# Yanmar GT14 front hydro switch problem ?



## screamineagle66 (May 22, 2010)

*Yanmar GT14 front PTO switch problem ?*

Hi all - recently purchased a very nice Yanmar GT14 with a mower deck that's not operating. There is no action at all, assuming the problem is electric somewhere. The PTO engagement switch has 5 poles on it, 4 of which are used. However, there are only two wires at the front PTO - red and black. 

Is there a common issue here ? Is there a safety switch somewhere that the other two wires lead to ? Is it necessary to replace the switch with a factory switch, or can I simply use a standard 2 pole switch ? 

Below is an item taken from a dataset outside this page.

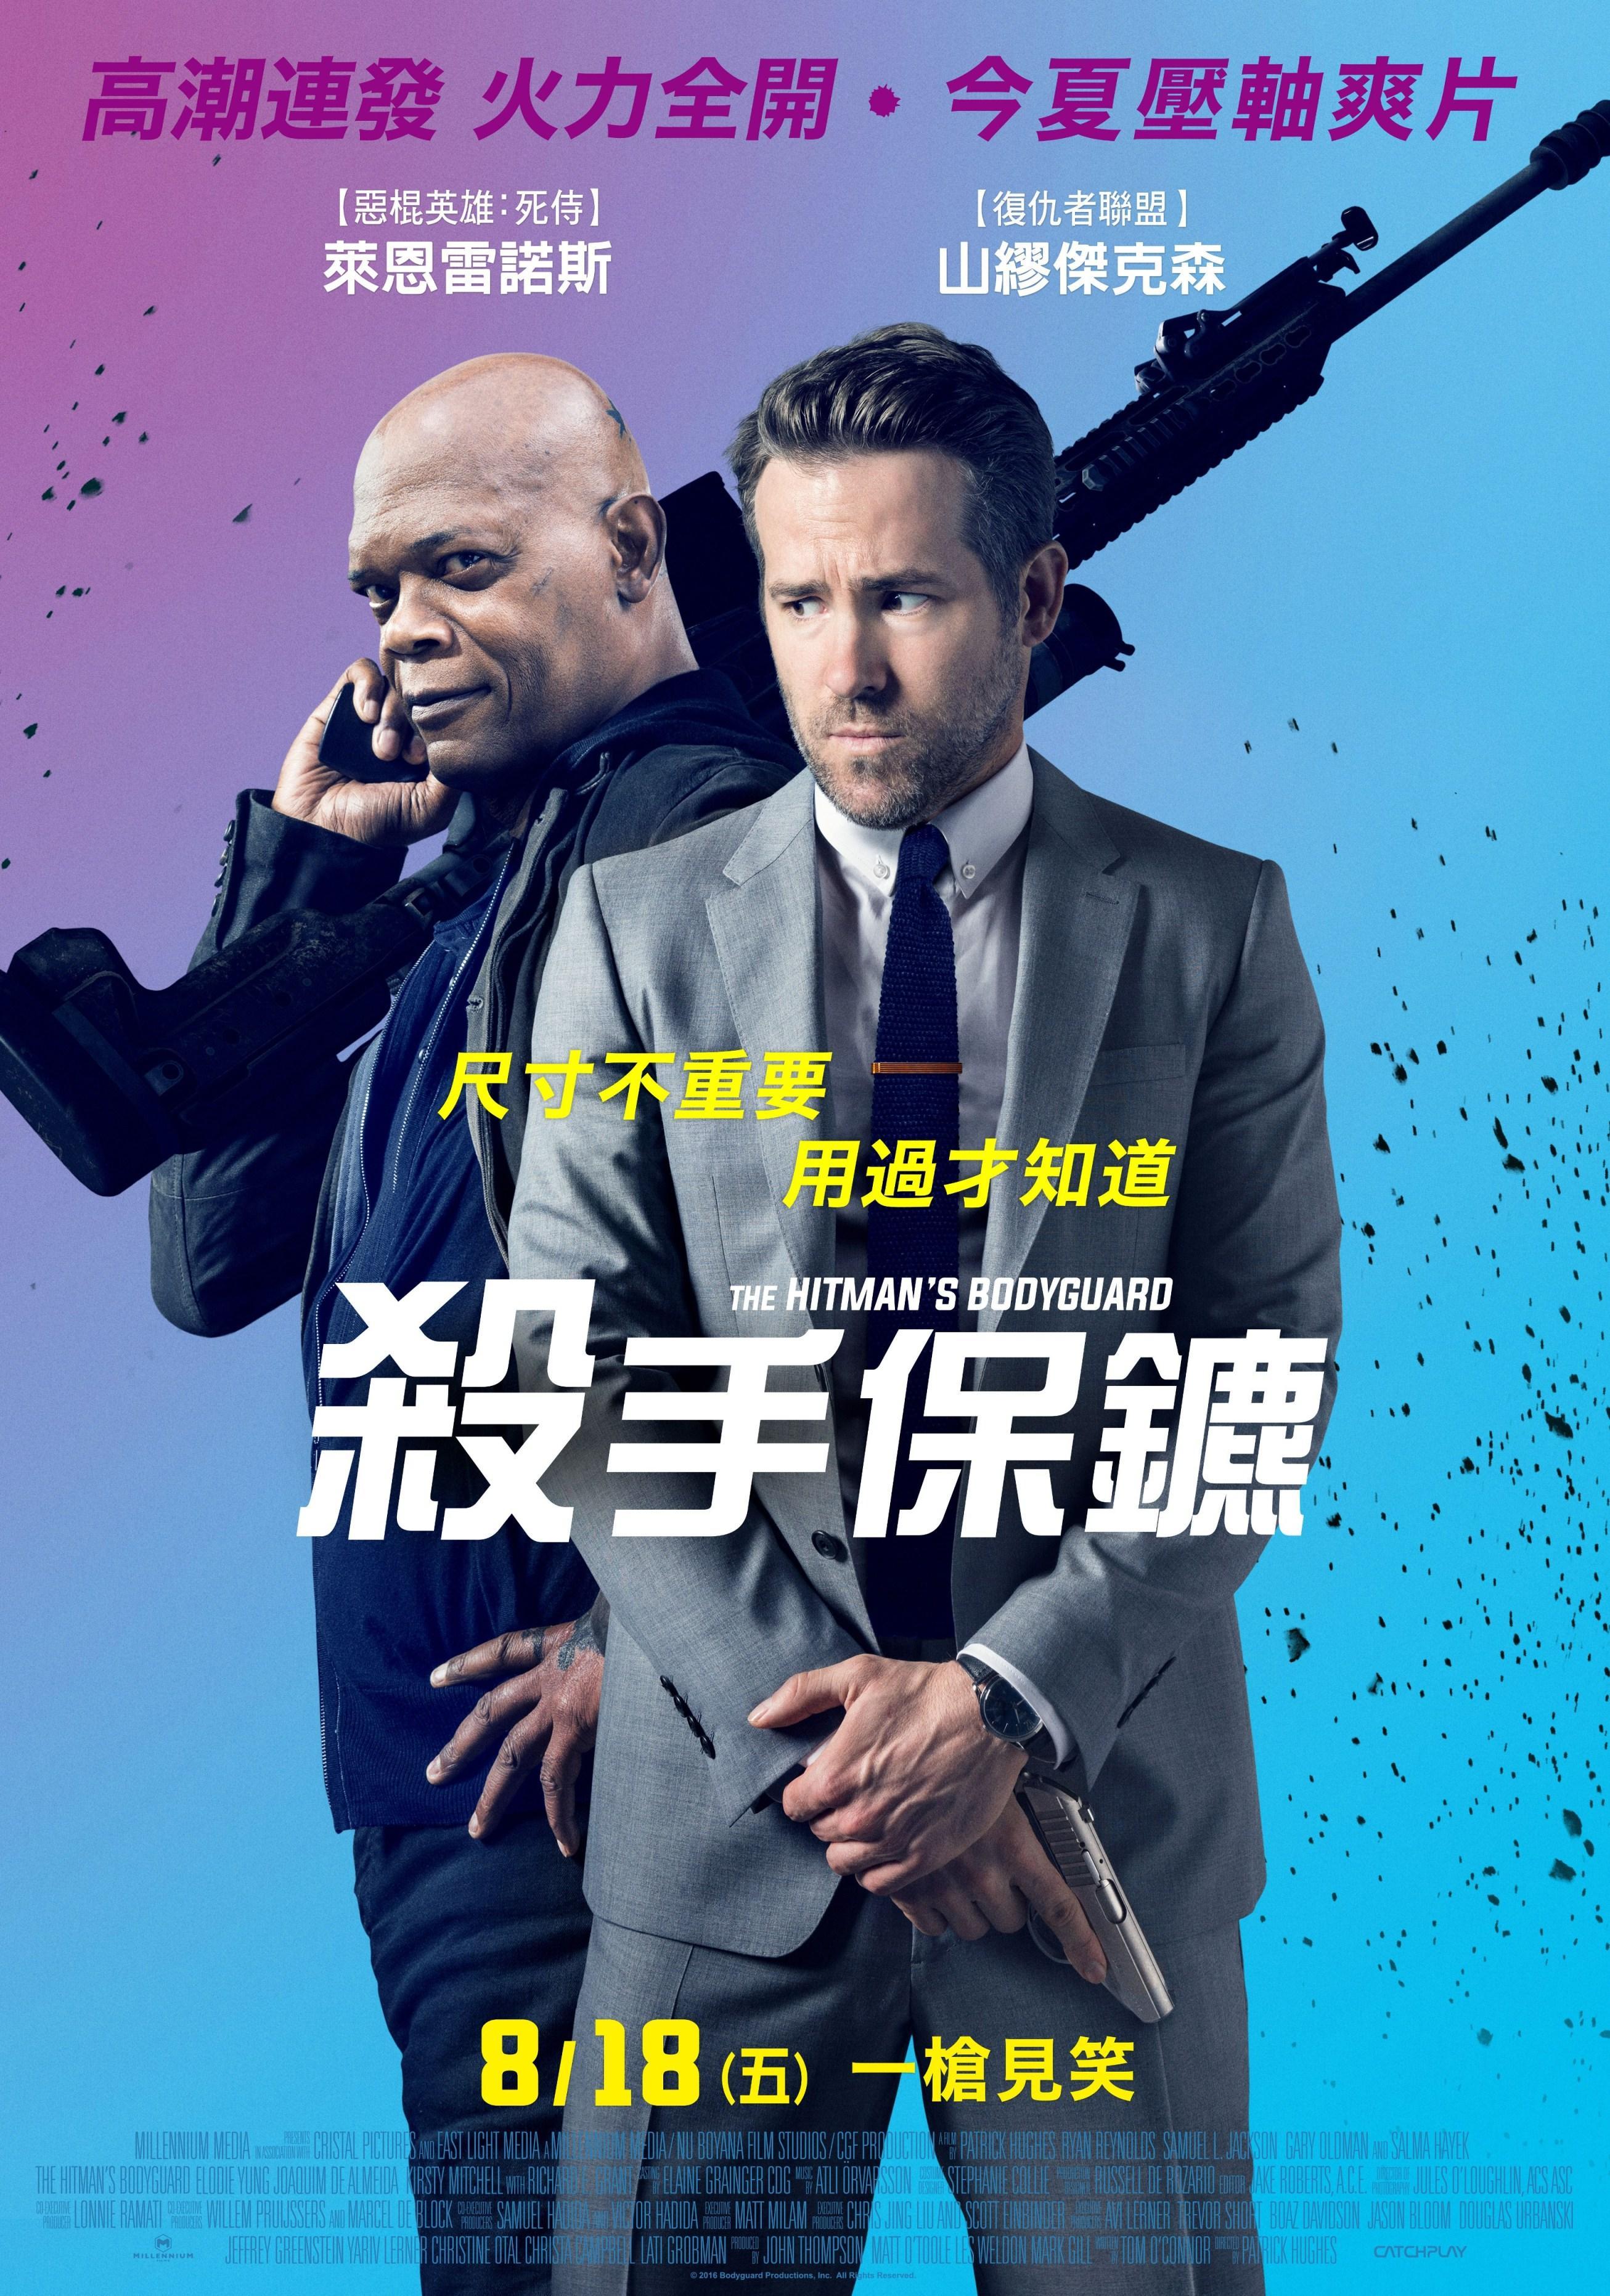 不輸《 死侍2 》萊恩雷諾斯 山繆傑克森 共同演出 電影 《 殺手保鏢 》

Any input is appreciated - thanks.


----------



## winston (Aug 19, 2008)

*pto*

May not want to spring for this but it would probably answer your questions.Yanmar Tractor Parts: GT14 SERVICE MANUAL They also have a pto kit available at a price that will make you want to fix yours.


----------



## ed616 (May 1, 2012)

*gt14*

the front pto if working will operate by applying 12 volt dc to the two wires, also there is a switch under the seat that must be active by seting on the seat this is a safety, also check the fuse it is 10amp, note first unplug the connector at the pto apply 12 volts if it clicks then check the safety switch if not you will need to contact an Yanmar dealer or have the pto rewind also replace the bearings, drive post and shims, a dealer my have these.


----------